Chapter 21 establishes the baseline for the metrics that startups track. For example, a 5% growth rate is a good baseline for a startup. The time period for this growth depends on which stage your startup is at. The chapter also outlines other key baselines for metrics such as pricing metrics, cost of customer acquisition, site engagement and web performance.

Similar to chapters 8 to 13, chapter 22 to 27 examine the metrics for the six types of startups. Part 3 ends with a review of these concepts and strategies when startups do not have a clear baseline. Chapter 29 outlines the advantages of having enterprise customers and important metrics. The final chapter recommends readers ways they can apply Lean Analytics concept in their organisation.

Although this book covers a lot of topics, it fails to dive deeper into the specifics.
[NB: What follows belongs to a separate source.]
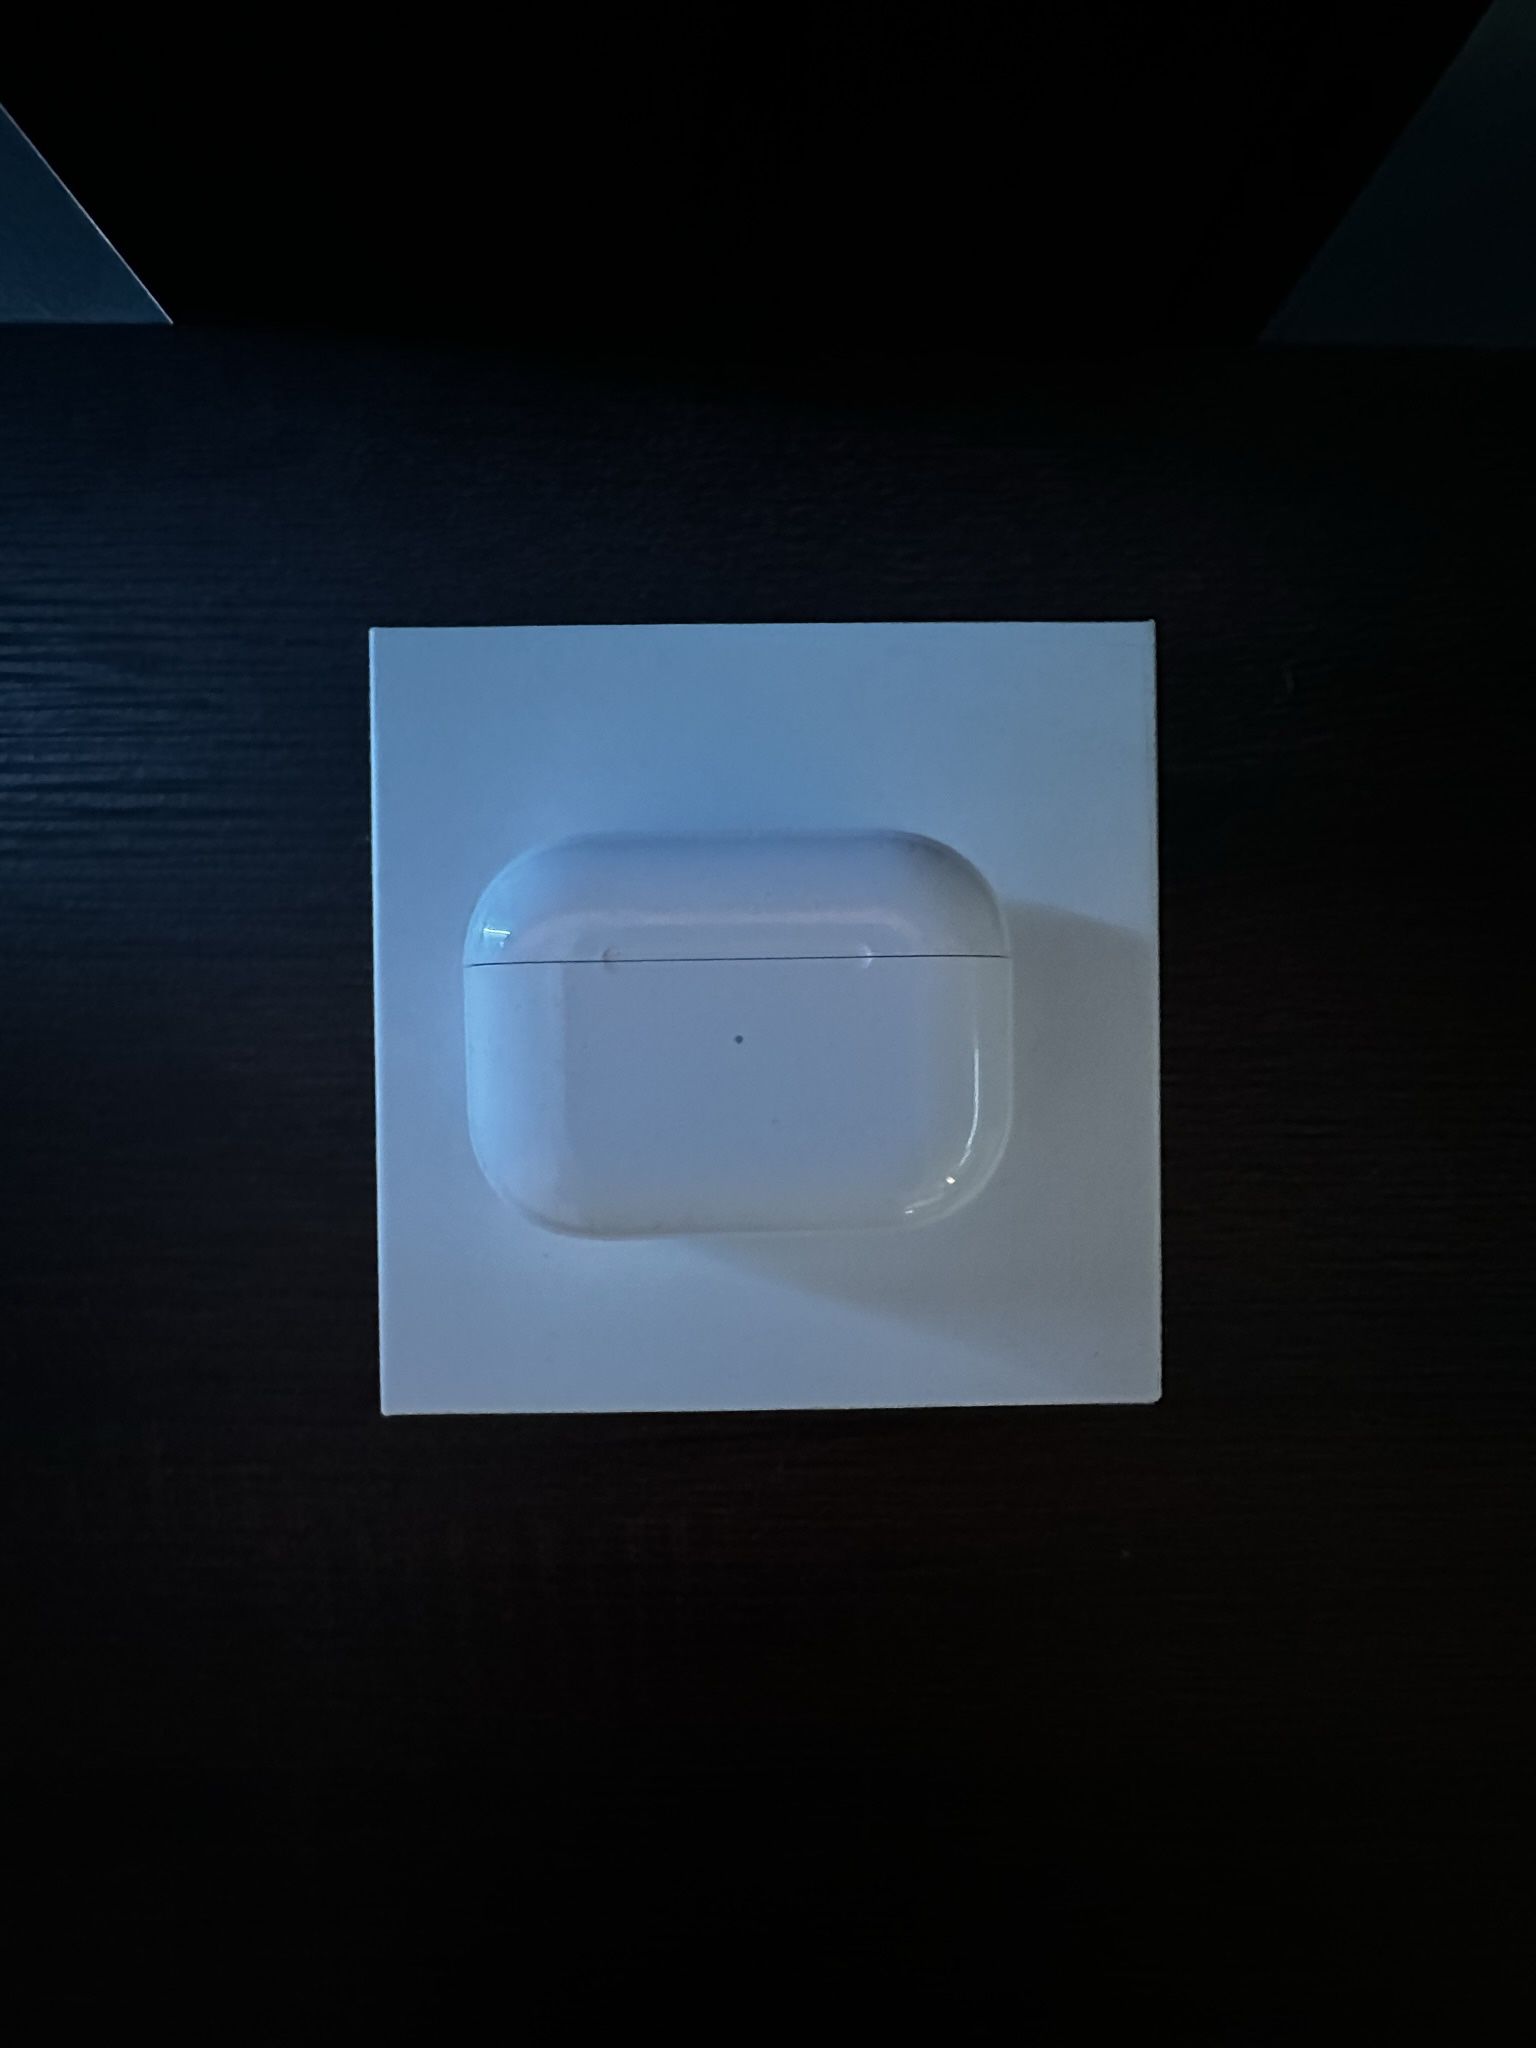 airpods pro 2nd generation 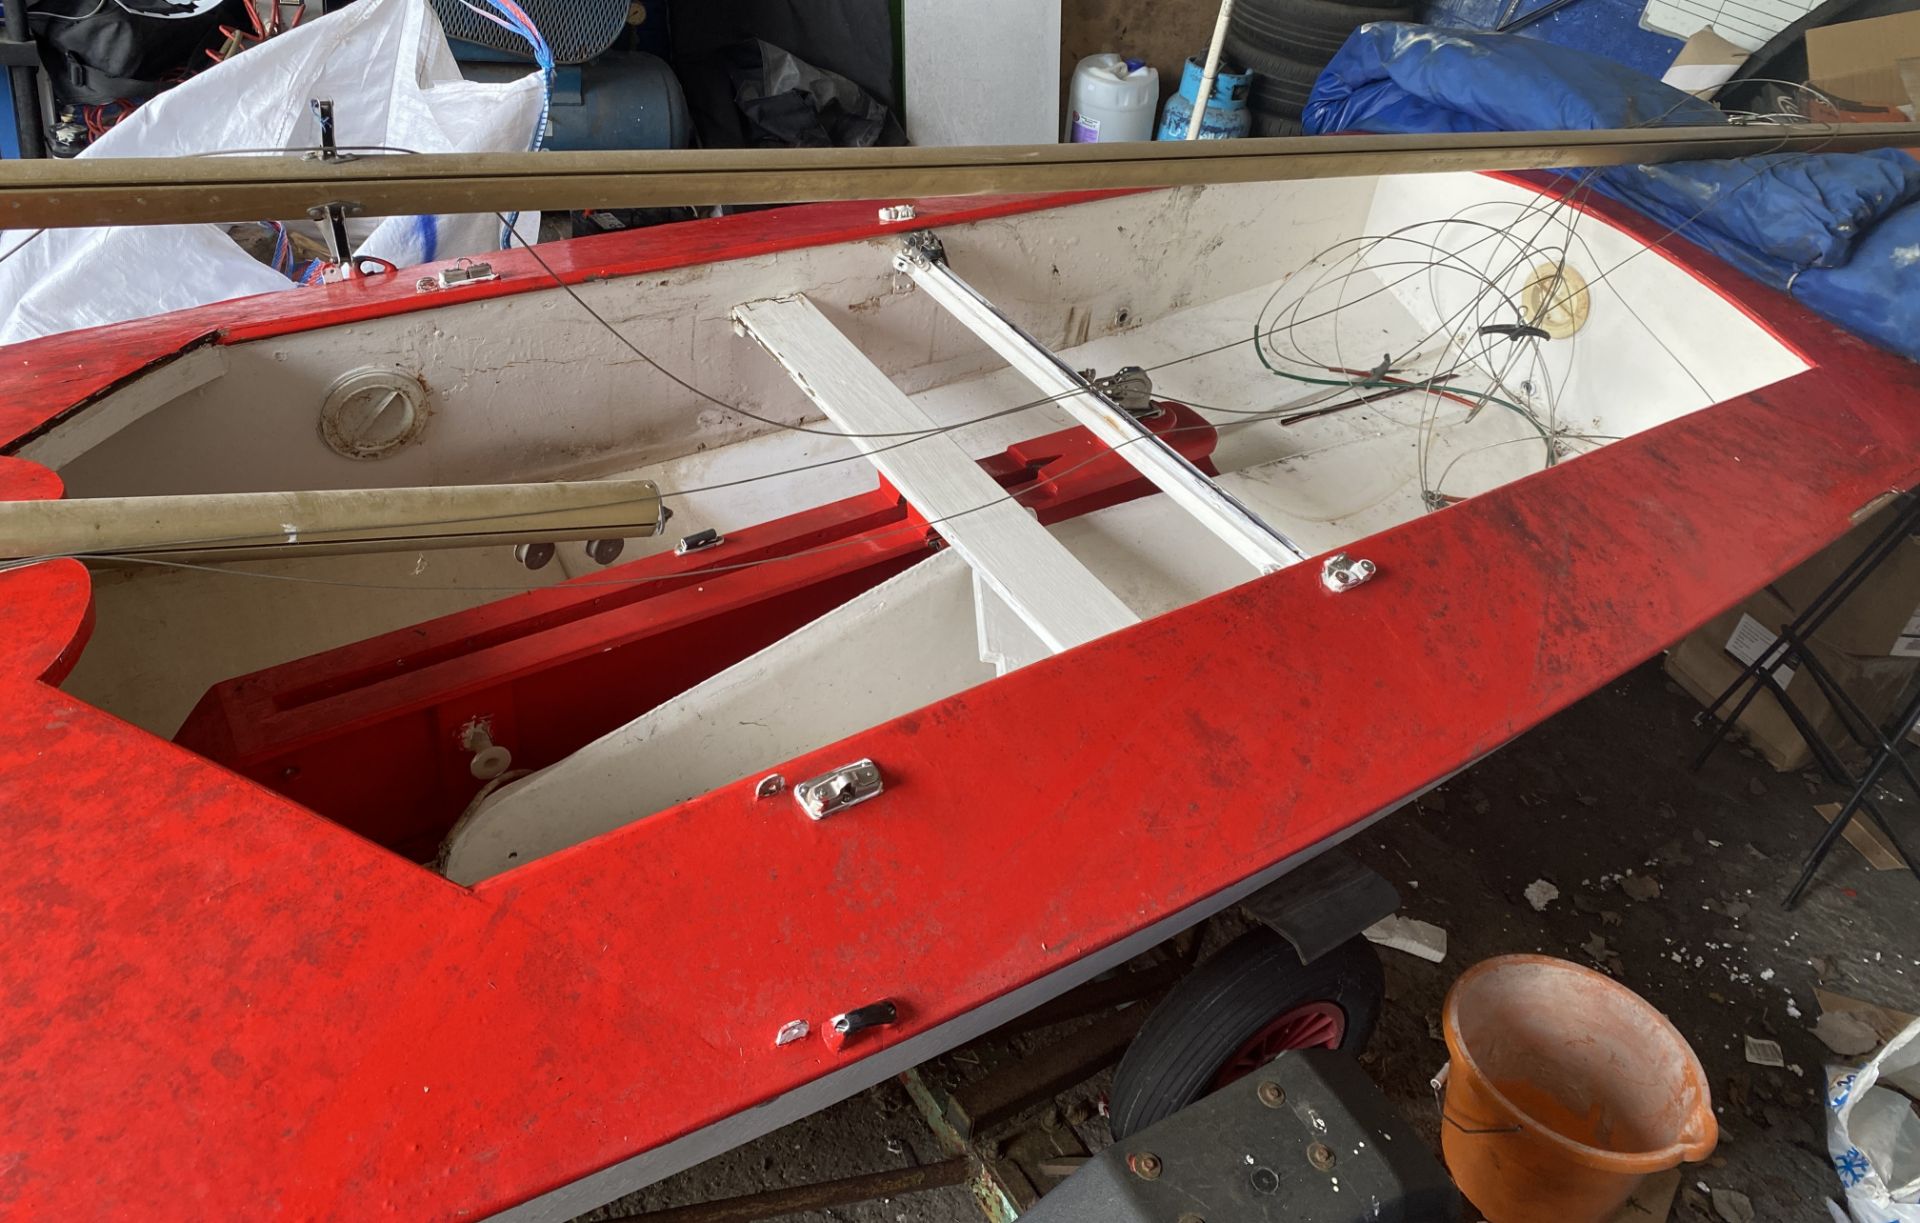 Red and white Fireball sailing boat with a 9' 9" (297cm) mast. - Image 22 of 24

In fact, some chapters contain information that tends to be shallow and generic. For example, in chapter 11, the authors discuss the business model of a media site. I expected the chapter to include evidence of how media businesses achieve growth with certain strategies. Similarly, the book covers the key metrics for media site in chapter 25. These metrics are click-through rates, sessions-to-click ratio, referrers, engaged time and sharing. The chapter only briefly reviews each metric. A more detailed guide on how startups can adapt using these metrics would have been useful. These issues notwithstanding, this book is a comprehensive guide for anyone who wants to incorporate analytics mindset in his life.


Overall, the authors deliver the main objective of the book, which is to guide readers to instil analytics in their business, from validating products to preparing for acquisition. Additionally, the authors have provided readers with a specific framework to track these metrics, depending on which stages of business they are at. To conclude, I recommend this book to anyone who wants to use analytics to grow their business effectively. The book is massive and if your business is already growing fast, you will not have the time to read this cover-to-cover. Nonetheless, it is worth reading if you want to apply analytics in a systematic way.